Doutor Menino Buchudo
Ainda no início, idos de 2000/2001, estava como Juiz Substituto numa comarca de primeira entrância e começara também a responder por outra de segunda chamada Patu, cujo juiz anterior havia sido promovido. Na primeira semana de trabalho lá, deparei-me com a prisão de um sujeito chamado Juliano.
A acusação era de porte de arma, um crime de pouca gravidade naquela época, pois o fato se deu três anos antes do Estatuto do Desarmamento. Juliano não tinha sequer antecedentes e o crime era de detenção. Concedi-lhe a liberdade provisória. À noite voltei para a minha comarca.
No outro dia o delegado de polícia de Patu, doutor Fernando, amigo e contemporâneo de faculdade, liga-me dizendo que a soltura causou a maior celeuma na cidade, pois todos diziam que o rapaz era assaltante e que abriria um inquérito no qual o apontava como autor do roubo em um posto de gasolina realizado dois dias antes da prisão pelo porte de arma. Pediu que eu revisse a soltura.
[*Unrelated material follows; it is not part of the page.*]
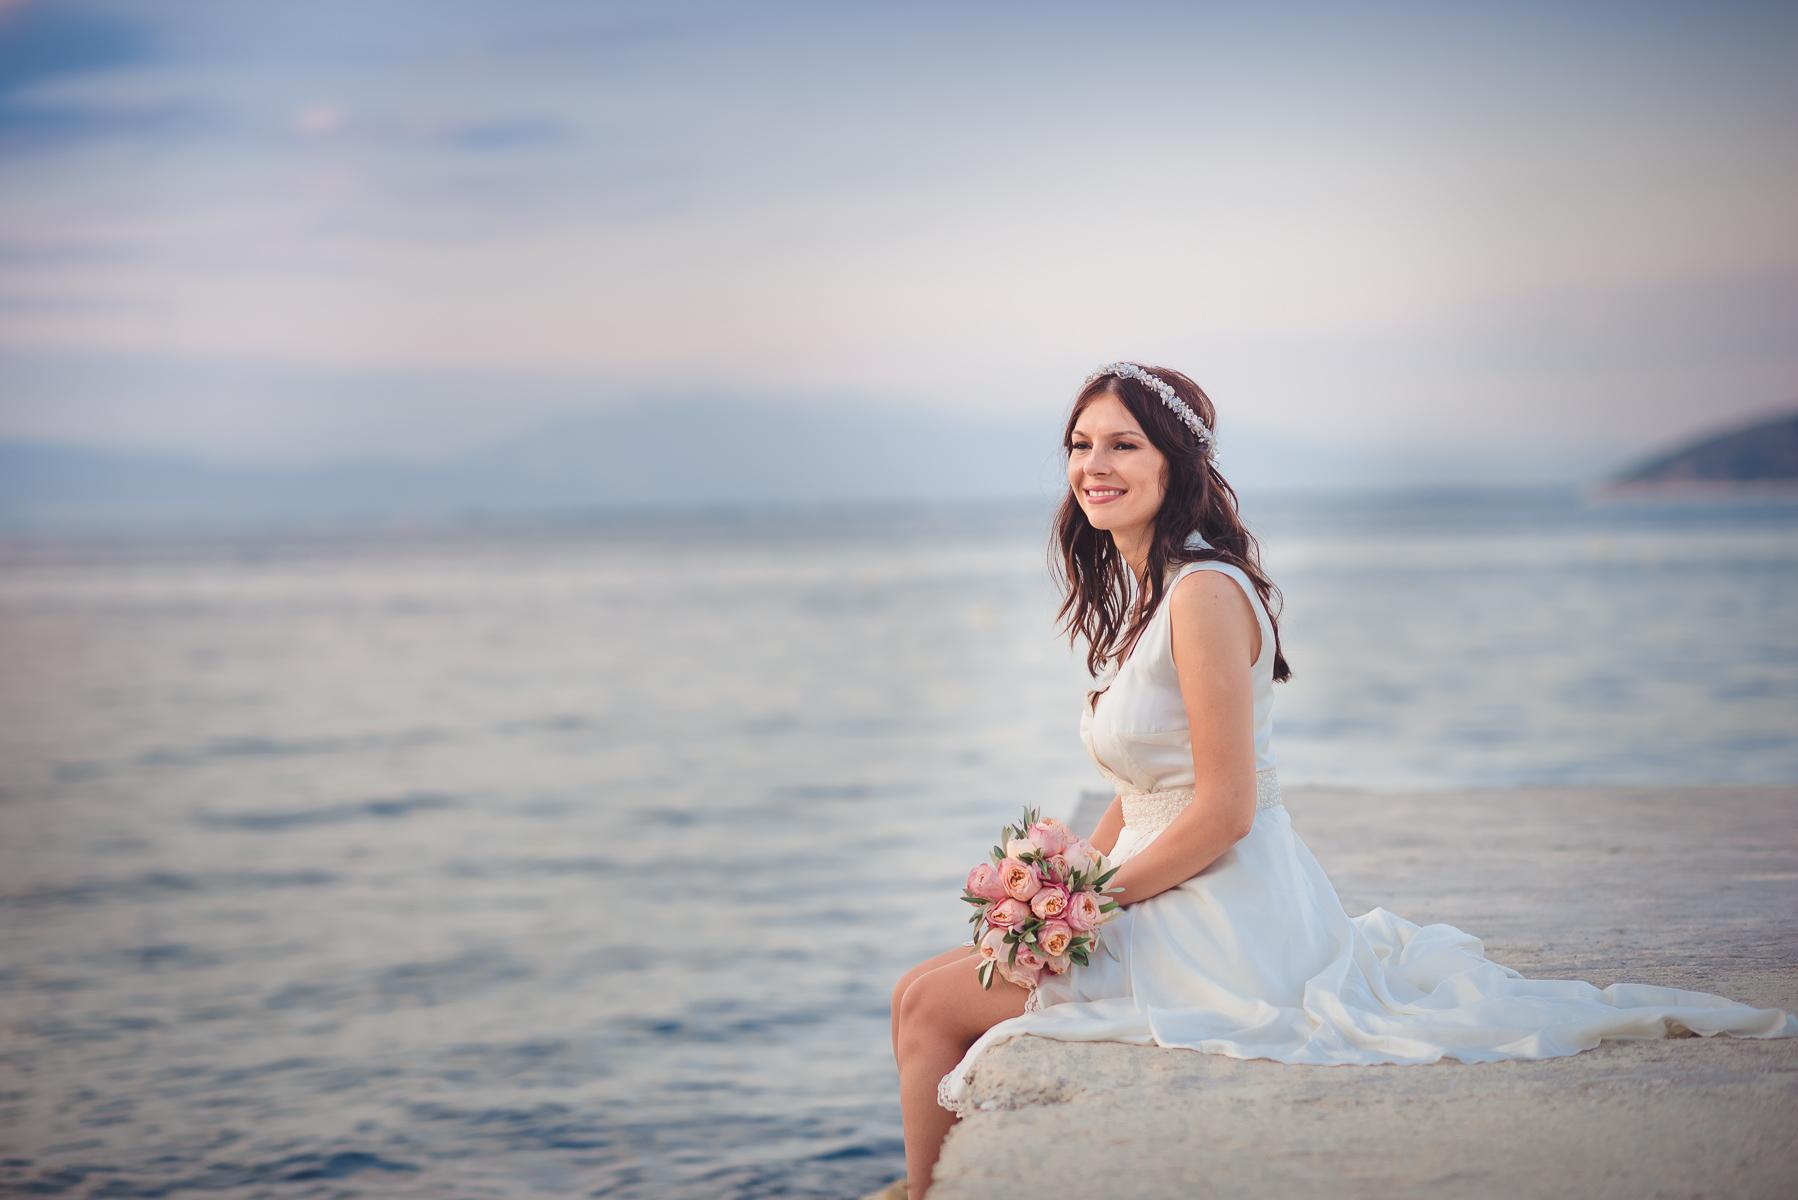 Thassos-greece-wedding-photographer-65

Disse-lhe que não iria agir com arbitrariedade. Que ele concluísse a investigação do roubo e pedisse, se fosse o caso, a prisão preventiva, mas pelo porte de arma não manteria preso. Três dias depois o delegado veio à minha comarca com o inquérito e a representação pela preventiva. De lá saiu com a decretação e o respectivo mandado de prisão.
Na semana seguinte voltei a Patu para trabalhar. Despachei os feitos que havia, realizei audiências e ao final do dia, antes de voltar para minha comarca, resolvi dar uma volta na cidade para conhecê-la, e jantar, se encontrasse algum local que me interessasse.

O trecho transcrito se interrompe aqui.